His winning entry in the 2021 student contest to name the new makerspace and learning center has strengthened his personal connection with RIT.

“I love keeping up with all things RIT, lacrosse and hockey, and all the interesting new developments,” said Dharmadi, who lives in Queens.

Dharmadi works as a product designer at Spotify in New York City, where he creates digital ads for the music platform service. He said the project-based curriculum of RIT’s new media design program prepared him for an internship at Spotify that turned into a career. Every day he uses the design process he learned at RIT to create digital products that are both functional and visually appealing.

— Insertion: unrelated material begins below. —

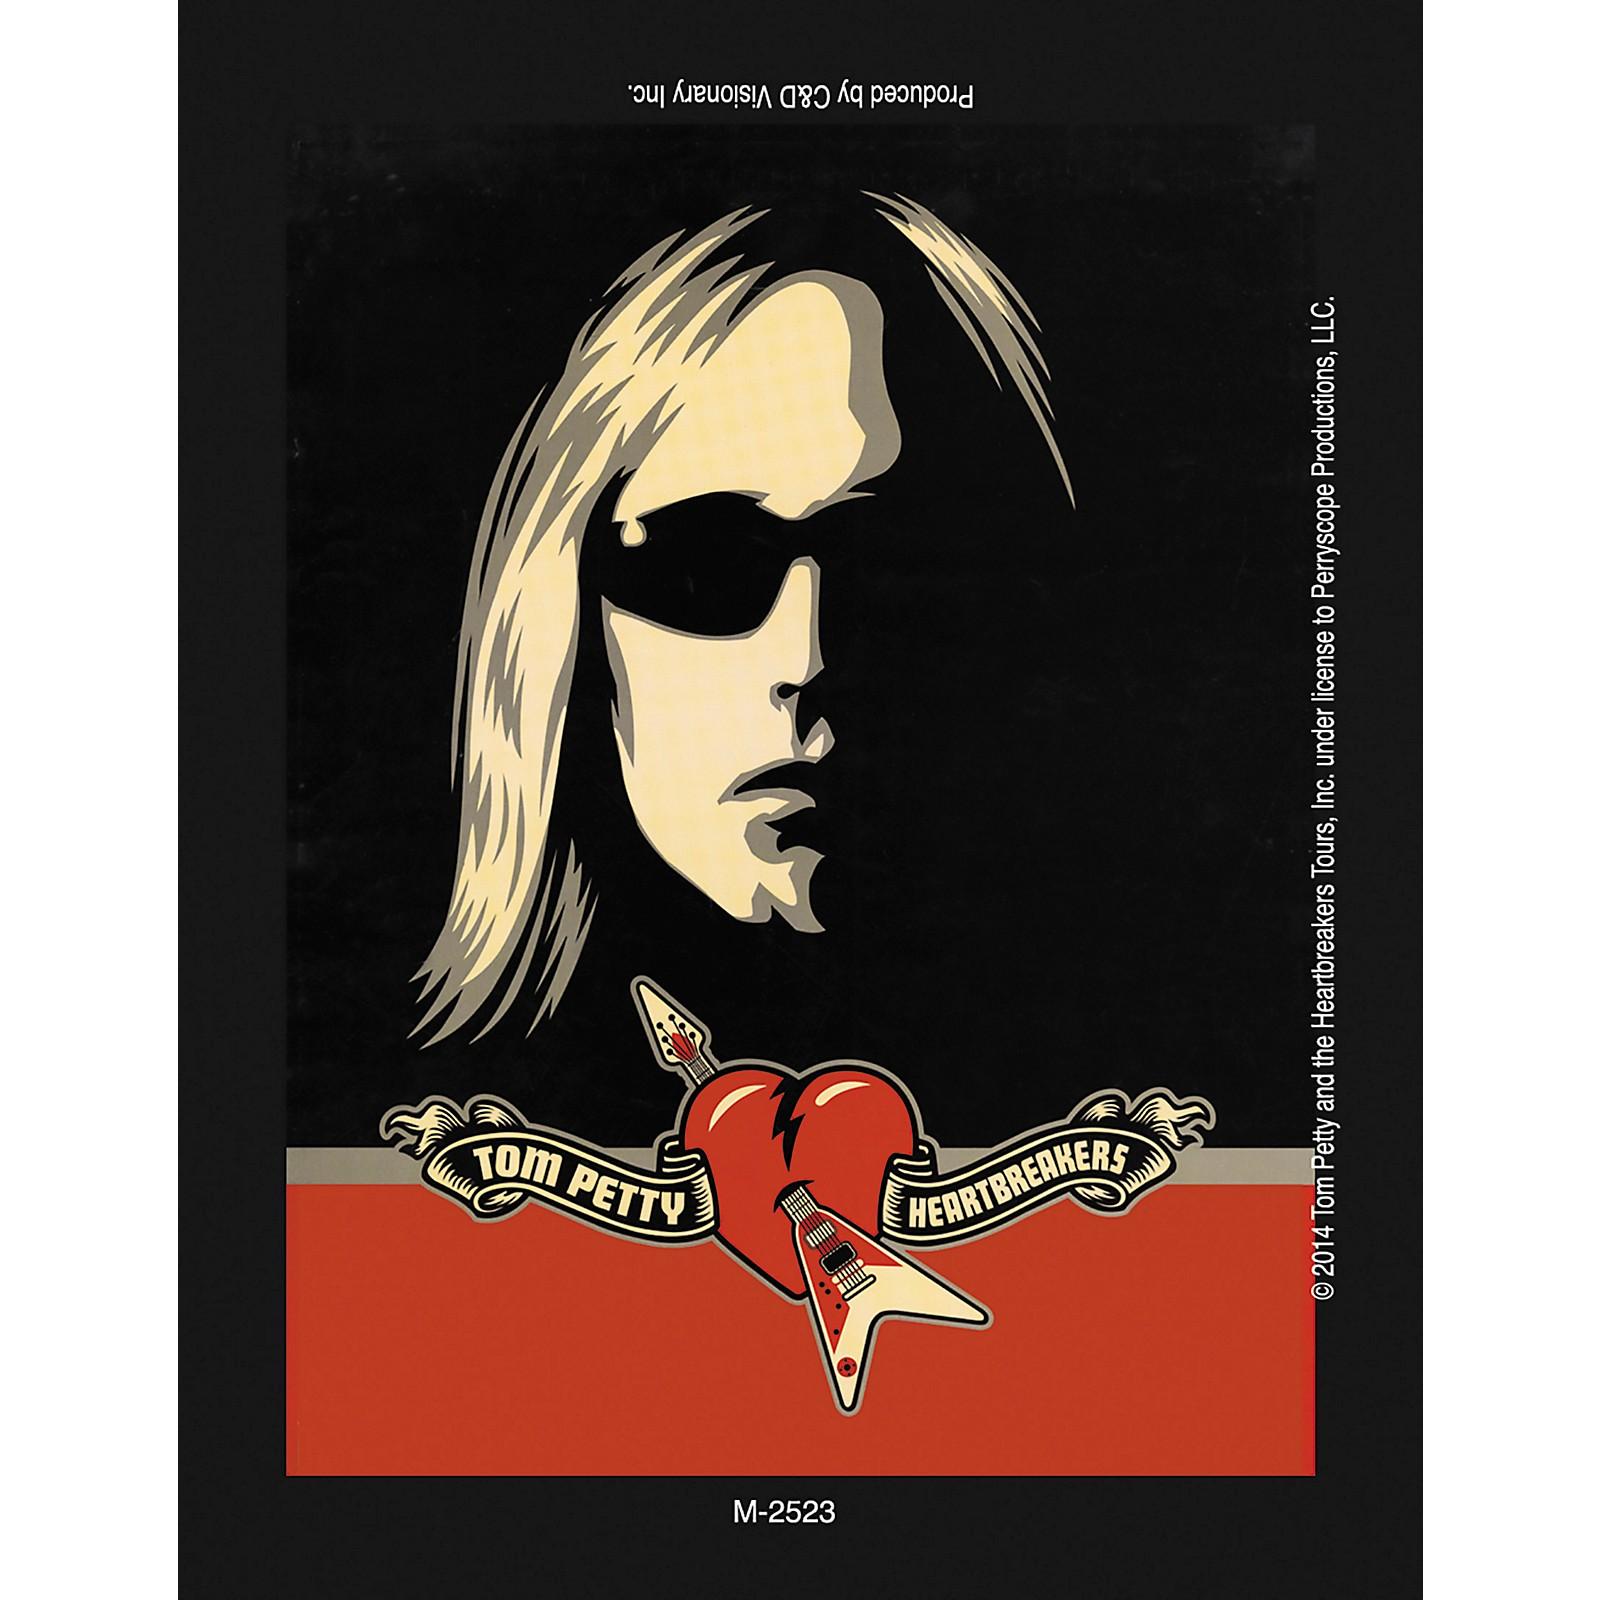 C&D Visionary Tom Petty Magnet

“As a product designer, I am doing a lot of problem solving to improve user experience and to make the content look nice,” he said.

A creative simplicity also led to Dharmadi’s prize-winning name for the new multi-use complex. For light-hearted irony, he likened the “magnificent building” to a modest shed, the kind often found in backyards, where people tinker and create.

Dharmadi, who worked as a Brick City ambassador and campus tour guide, also wanted the name to flow when spoken aloud and to underscore the spirit of the building inspired by the annual Imagine RIT: Creativity and Innovation festival.

“I first came to RIT for Imagine RIT in 2018 because I wanted to check out what it was all about, and that’s when I realized I need to go here,” he said.

When RIT’s financial aid office helped make that possible for Dharmadi, he was determined to give back to the community as a campus tour guide for admissions and through volunteer work.

“Naming the SHED will always be part of me for sure,” Dharmadi said. “It’s an honor to directly contribute to the campus like that.”